Below is the specific configuration from custom_quantization_generation_config.yaml:

# Config for running the InferenceRecipe in generate.py to generate output from an LLM
#
# To launch, run the following command from root torchtune directory:
#    tune run generate --config generation

# Model arguments
model:
  _component_: torchtune.models.llama3.llama3_8b

checkpointer:
  _component_: torchtune.utils.FullModelTorchTuneCheckpointer
  checkpoint_dir: Llama3-Gen
  checkpoint_files: [
    meta_model_0-4w.pt
  ]
  output_dir: Llama3-Gen
  model_type: LLAMA3

device: cuda
dtype: bf16

seed: 1234

# Tokenizer arguments
tokenizer:
  _component_: torchtune.models.llama3.llama3_tokenizer
  path: Meta-Llama-3-8B/original/tokenizer.model

# Generation arguments; defaults taken from gpt-fast
prompt: "Tell me a joke?"
instruct_template: null
chat_format: null
max_new_tokens: 300
temperature: 0.6 # 0.8 and 0.6 are popular values to try
top_k: 300
# It is recommended to set enable_kv_cache=False for long-context models like Llama3.1
enable_kv_cache: True

quantizer:
  _component_: torchtune.utils.quantization.Int4WeightOnlyQuantizer
  groupsize: 256

SalmanMohammadi commented 2 months ago

Hey @MaxwelsDonc. I'm unable to reproduce the error as the command tune cp generation ./custom_quantization_generation_config.yaml is working for me. Could you ensure you have the latest version of torchtune installed?
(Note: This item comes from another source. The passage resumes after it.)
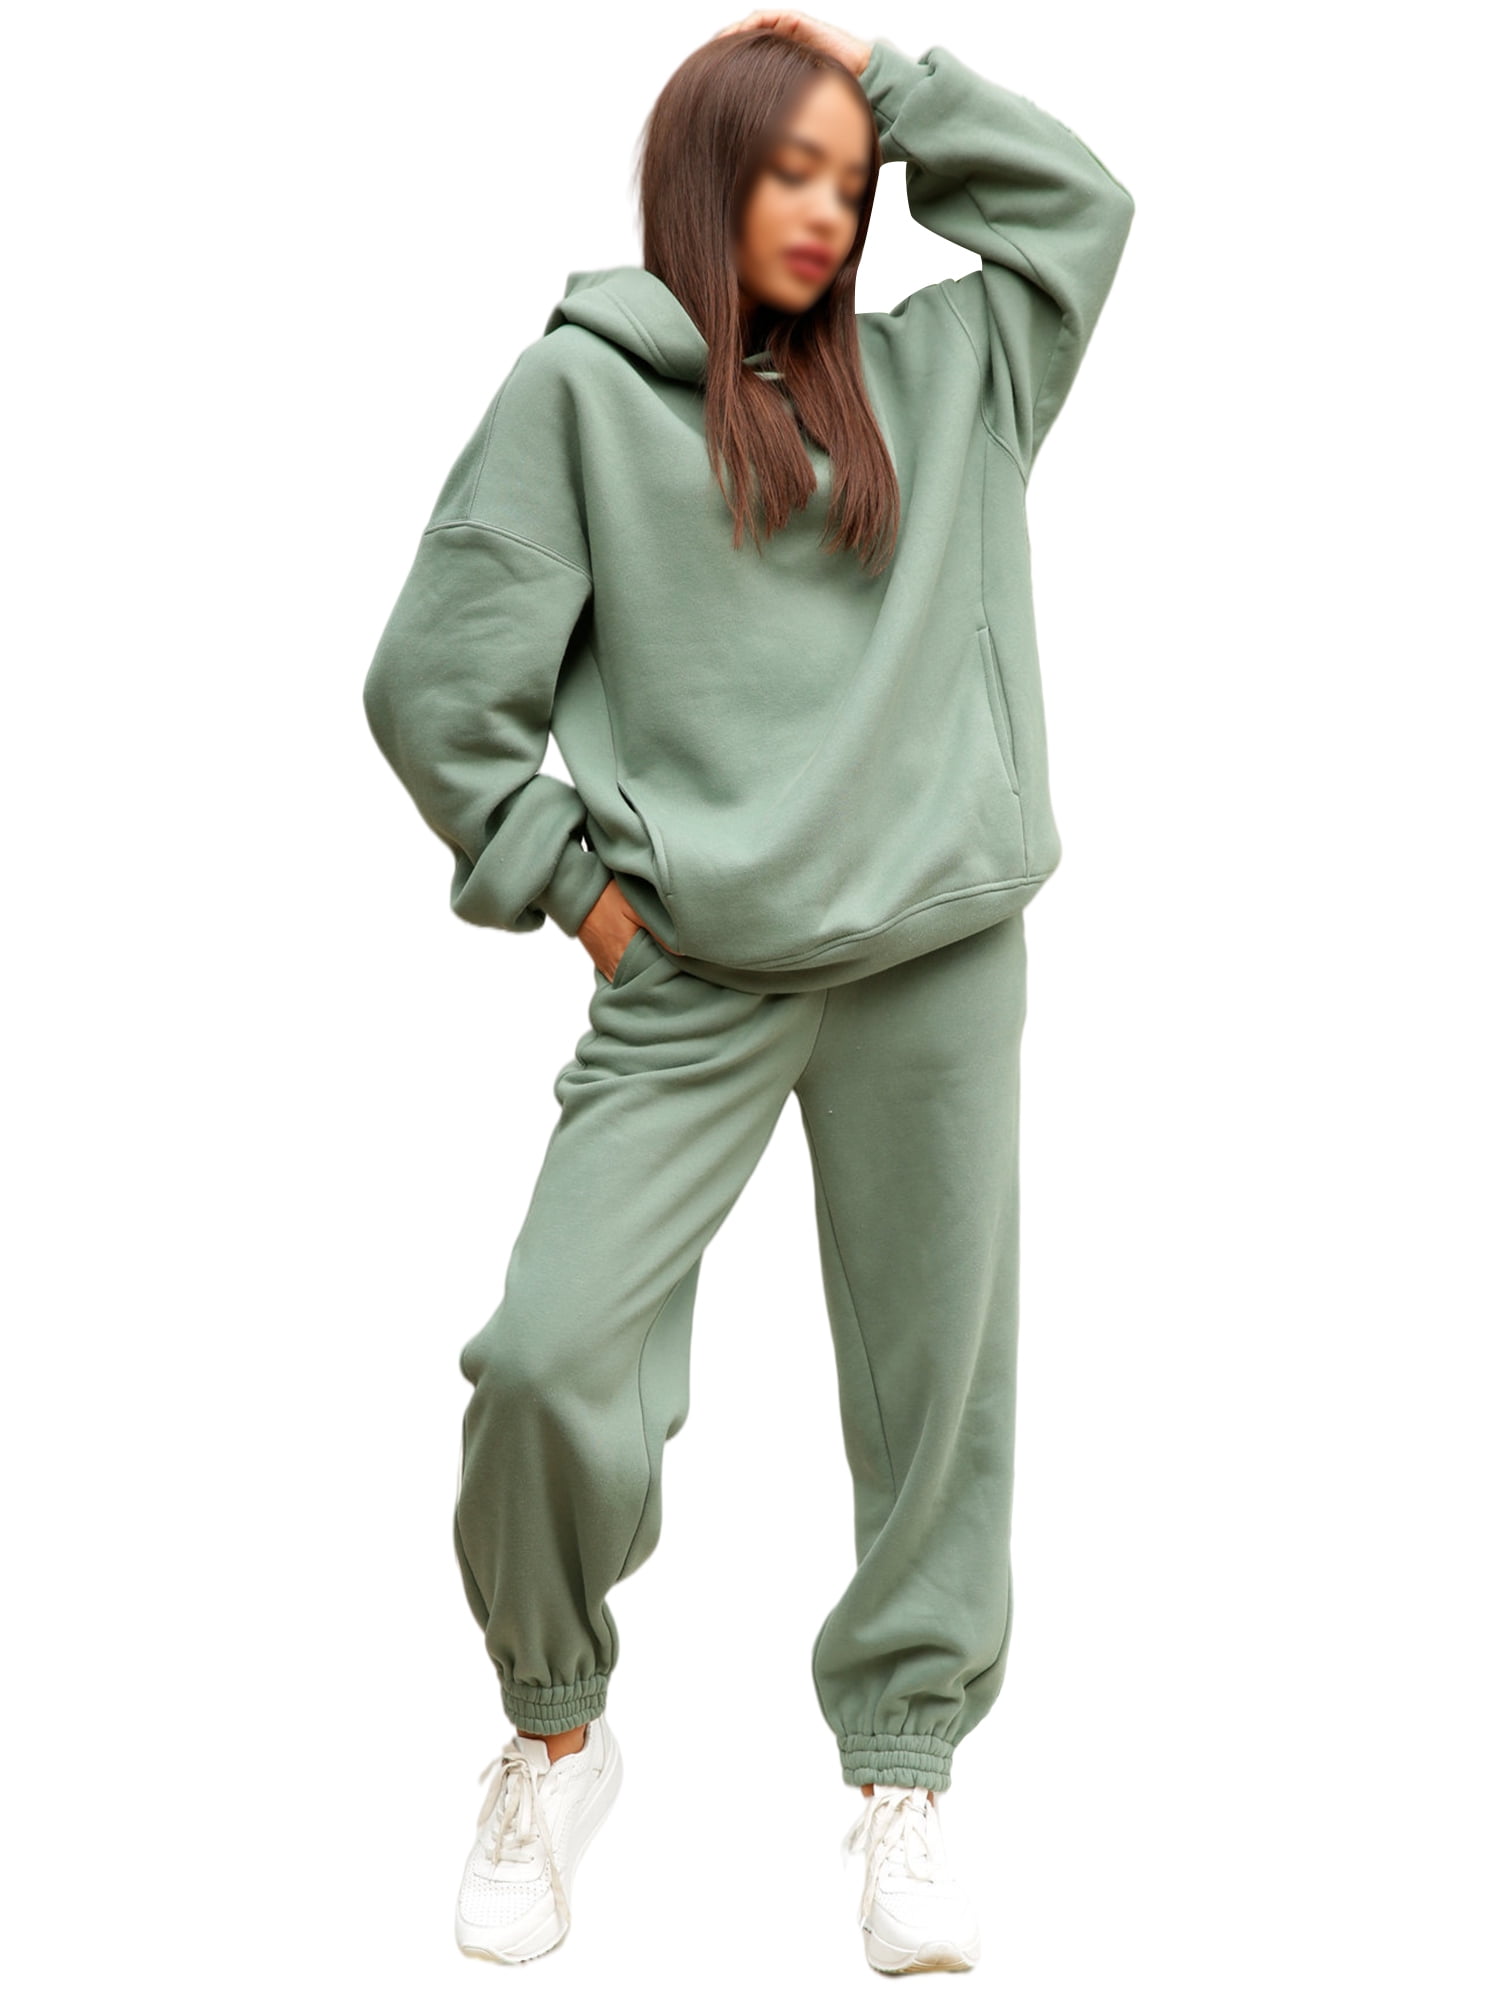 Linsery Women Hoodies Sweatsuit Long Sleeve Hooded Matching Joggers Sweatpants 2 Piece Tracksuit Sets

felipemello1 commented 2 months ago

Hey @MaxwelsDonc , we did a major refactoring on the last few days, migrating many things from utils to training. However, I do see generate_next_token in utils: https://github.com/pytorch/torchtune/blob/f1fbe1ac6c9a1def639465f8c3b628b9fe5b9b4b/torchtune/utils/_generation.py#L37

can you please run "pip list" and share the torchtune version you are using, e.g. is is the stable, nightlies or source?

piljoong-jeong commented 2 months ago

@felipemello1 Hi, I met the same error while walking through this tutorial and I'm currently using stable torchtune==0.2.1 version.

I found that torchtune==0.1.1 works fine. Maybe refactoring has been applying in the stable channel since 0.2.0 release?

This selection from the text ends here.